FWIW, my workaround is to copy the file to HDFS via distcp (see below). In my eyes, this slowness seems like an issue that AWS can improve upon though. In job below, copying from S3 to HDFS takes 17 minutes and the indexing takes only 1 minute.

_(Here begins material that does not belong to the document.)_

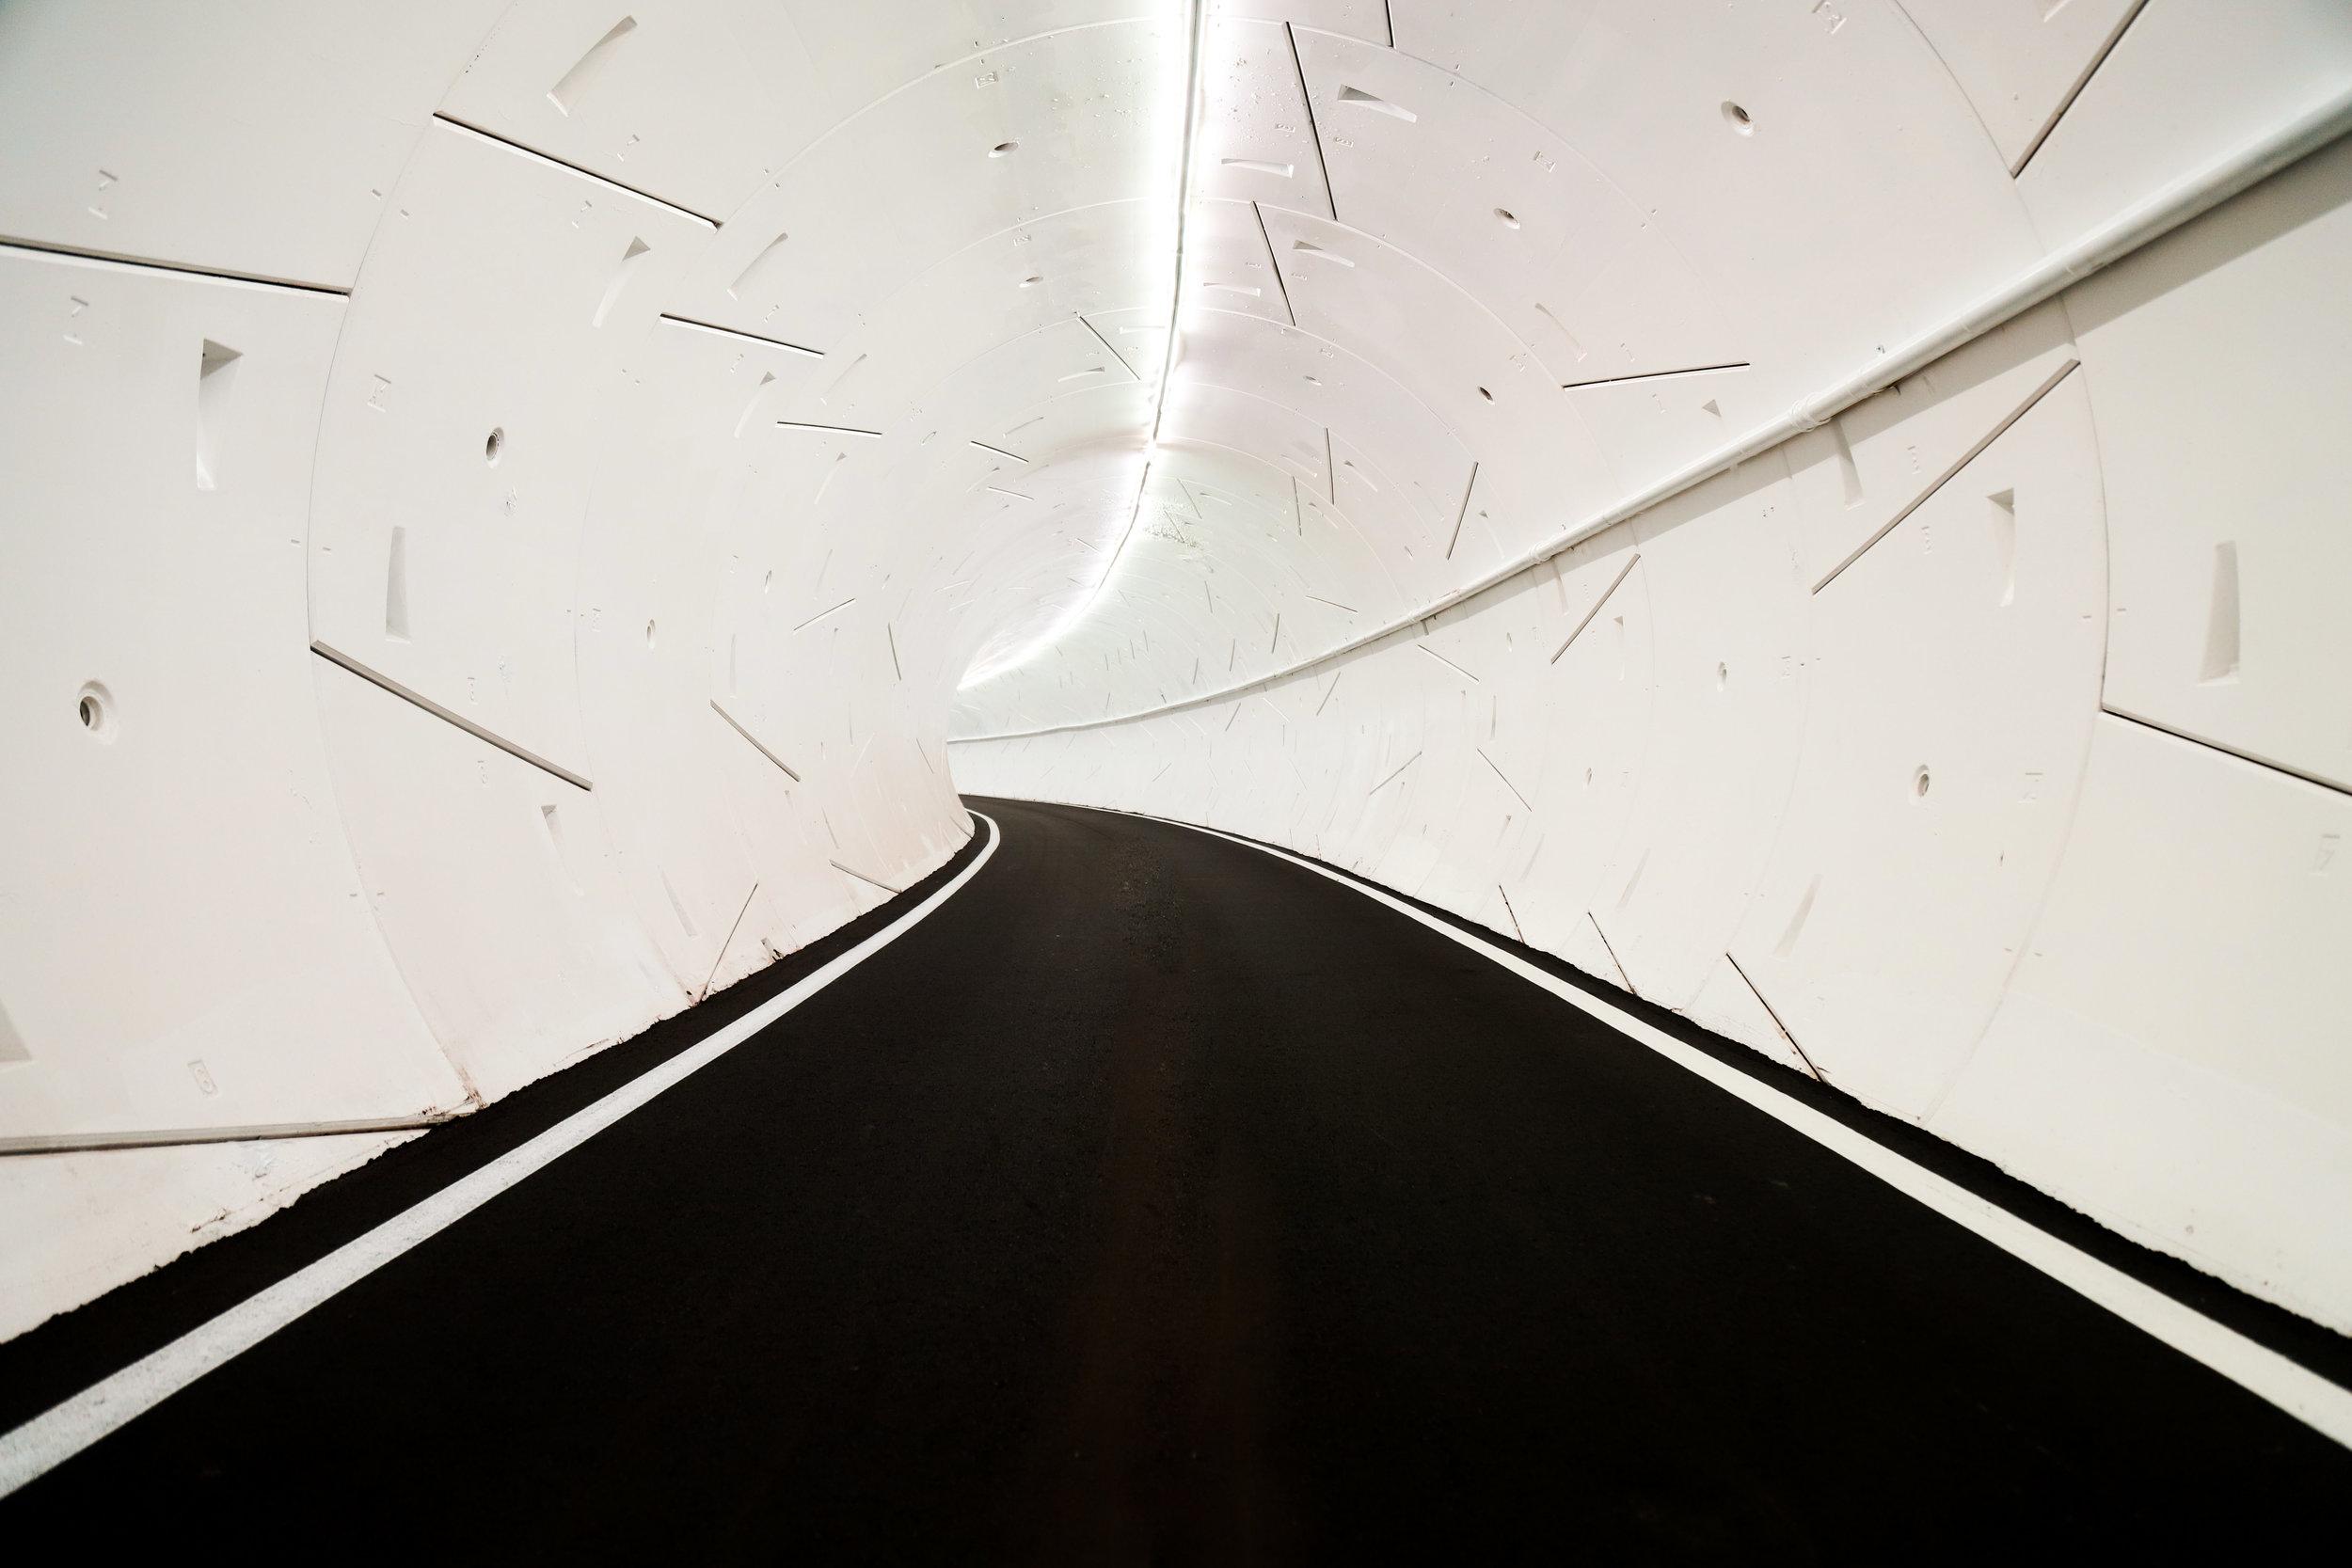 Tunnel_5.17.19.jpg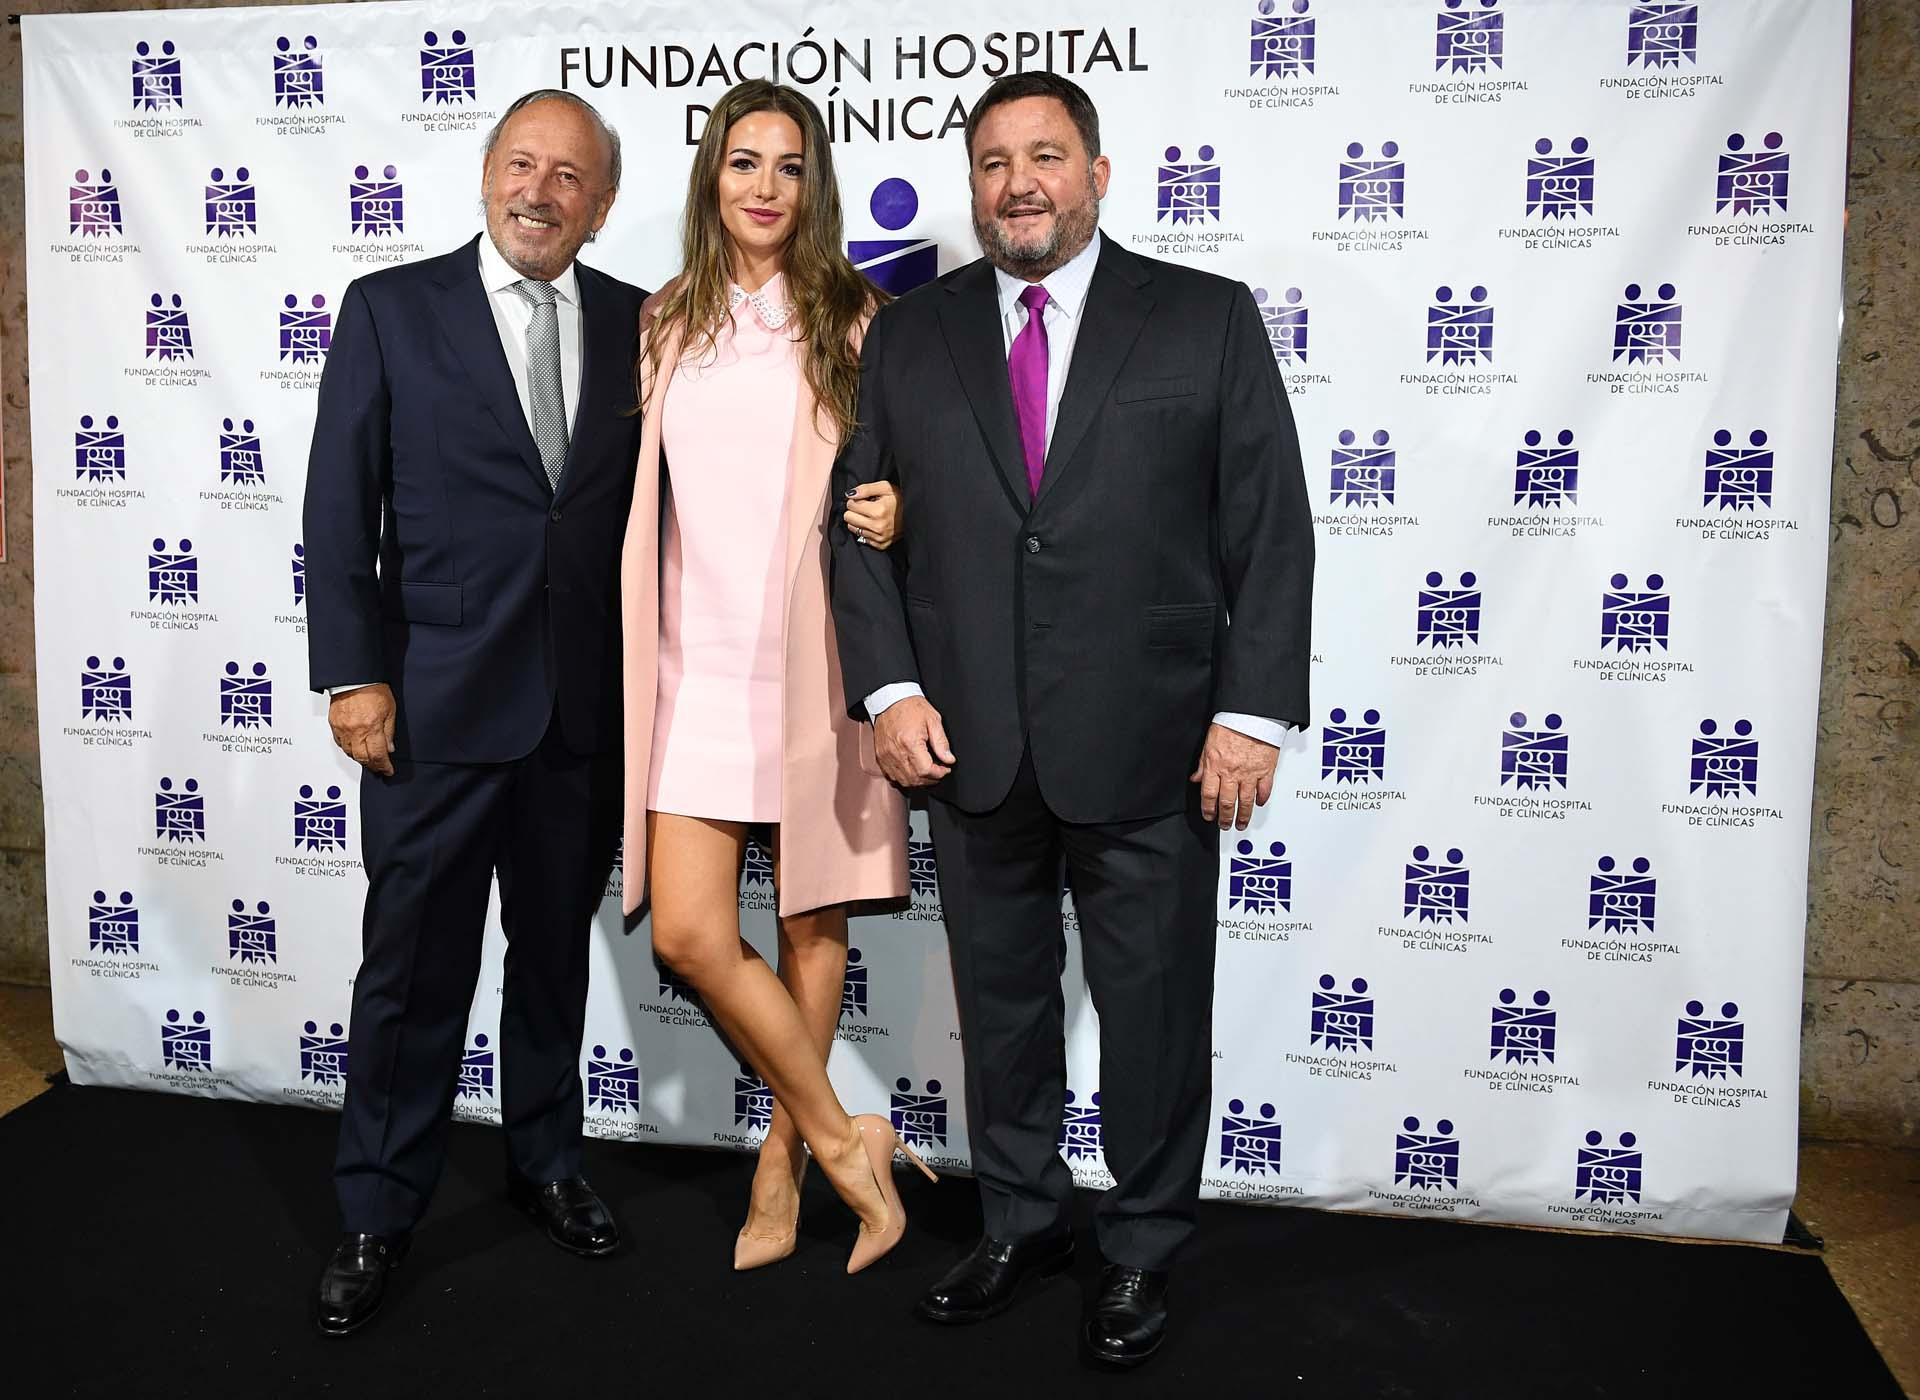 Mauricio Filiberti (Transclor) y su mujer Camila Pitana, junto a Alejandro Macfarlane

elastic-mapreduce --create --enable-debugging --alive \
    --ami-version "latest" \
    --log-uri s3n://mybucket/logs/dailyUpdater \
    --name "daily updater test" \
    --num-instances 2 \
    --master-instance-type "m1.xlarge"  --slave-instance-type "cc2.8xlarge" \
    --jar s3://elasticmapreduce/samples/distcp/distcp.jar \
      --arg s3://mybucket/my-30gb-file.lzo \
      --arg hdfs:///my-30gb-file.lzo \
      --step-name "Upload input file to HDFS" \
    --jar s3n://mybucket/hadoop-lzo-0.4.17-SNAPSHOT.jar \
      --arg com.hadoop.compression.lzo.DistributedLzoIndexer \
      --arg hdfs:///my-30gb-file.lzo \
      --step-name "Index LZO files" \
    --jar s3://elasticmapreduce/samples/distcp/distcp.jar \
      --arg hdfs:///my-30gb-file.lzo.index \
      --arg s3://mybucket/my-30gb-file.lzo.index \
      --step-name "Upload index to S3"
1

There are 1 answers

0
Judge Mental On BEST ANSWER

Seeking within a stream on s3 is implemented as a GET with a byte range header field. It is eminently reasonable for such a call to require a few hundred milliseconds. Since the indexing process appears to require a lot of seeks, even though they are all in the forward direction, you are effectively re-opening the file thousands of times.

Your workaround is the correct approach. S3 is optimized for sequential, not random, access.